En 232 páginas y con ilustraciones a color, se analizan los cines en Torrelavega y se ofrecen alrededor de treinta reproducciones por sala de los programas de mano que se editaron hasta mediados de los años sesenta para dar a conocer las películas que se proyectaban en un tiempo en el que no se había desarrollado plenamente la radio y estaba aún lejos de implantarse en España el modelo televisivo.
En la crónica de Torrelavega de 1880, cuando la Villa contaba con cinco mil habitantes, ya consta la existencia de un teatro, en concreto el Teatro Urbina. Más tarde sería el Garaje Escudero, hasta su demolición para edificar viviendas. Pudo referirse también al Teatro de la Villa comprado por el Círculo Católico en 1890 y en el que se hizo una gran reforma. Unos años después, en 1905, se construyó el Teatro Principal que pasado un tiempo comenzó a proyectar películas mudas.
Sin embargo, el primer cine que se estableció en Torrelavega –mudo, por supuesto- fue el del italiano Luis Vaccari. Fue en el año 1911 cuando se instaló su sala de cine en un barracón de madera en la avenida Menéndez y Pelayo (muy cerca de la estación del ferrocarril), que alcanzó tal fama que durante muchos años su recuerdo y vivencias se mantuvieron en la memoria de muchos torrelaveguenses. Cuando llegó el cine sonoro, Luis Vaccari ya no pudo competir y estableció un modesto negocio de confitura en los soportales de la Plaza Mayor.
A difundir el arte cinematográfico se unirán ya en los años treinta del siglo XX locales como los del Gran Cinema y el Salón Royal, a los que siguieron el Ideal Cinema, Avenida y Garcilaso (estos dos en 1945), funcionando igualmente, en Barreda, el Cinema Solvay.

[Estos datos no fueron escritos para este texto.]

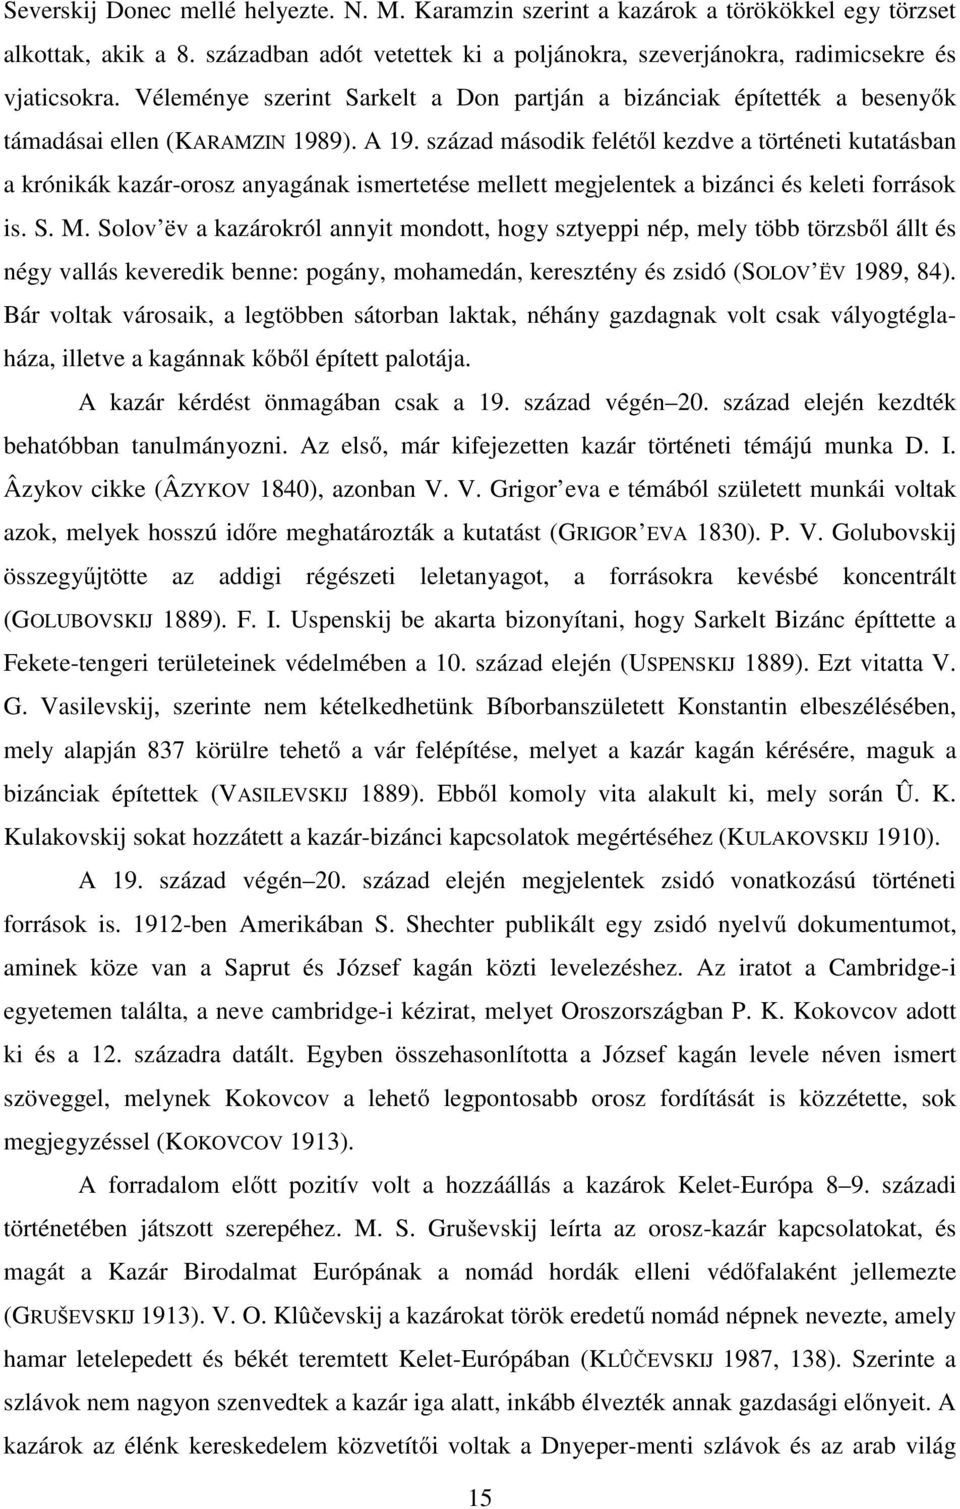 század második felétől kezdve a történeti kutatásban a krónikák kazár-orosz anyagának ismertetése mellett megjelentek a bizánci és keleti források is. S. M.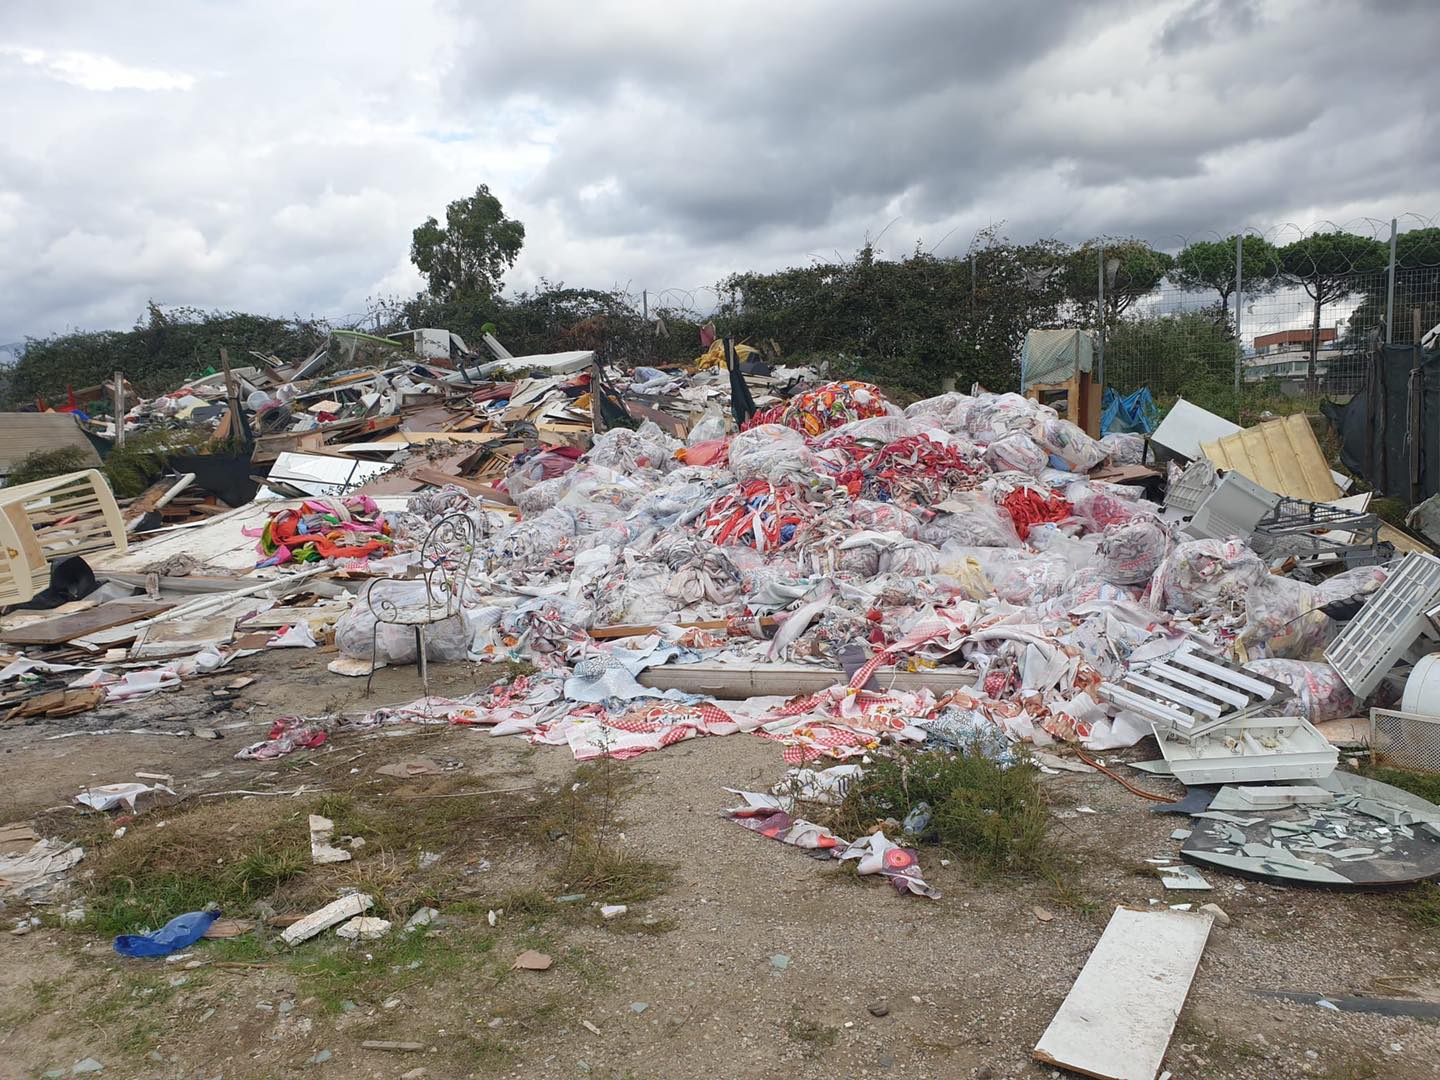 Imprenditore tessile di Quarto sversava rifiuti nel campo rom di Qualiano denunciato

A pesar del éxito en Torrelavega de esta industria del cine, en los años setenta sólo quedó el Concha Espina y una instalación que merece ser recordada como el Cine Club Besaya, que desde 1972 a 1985 funcionó en el instituto del mismo nombre, impulsado por el destacado cinéfilo César Rosino Mata. Posteriormente, en 1981 se instalaron los cines “Arlequín”, de la empresa Gran Cinema de Santander, de Marsal-Calzada.
Pocos años más tarde, en 1981, se instaló un pequeño multicine, el Arlequín. Seis años más tarde se creó el último cine del siglo XX en Torrelavega, el Cine Pereda, que tuvo una vida más reducida que los anteriores al verse destruido años más tarde por un incendio. Actualmente solo existe una sala, que se encuentra en los bajos de la Casa de Cultura, dependiente de la Consejería de Cultura del Gobierno de Cantabria.
Resumiendo, en esta obra se describe la historia de cada cine y por cada sala se reproducen alrededor de una treintena de programas de mano de las películas más sobresalientes que proyectaron en los años de funcionamiento.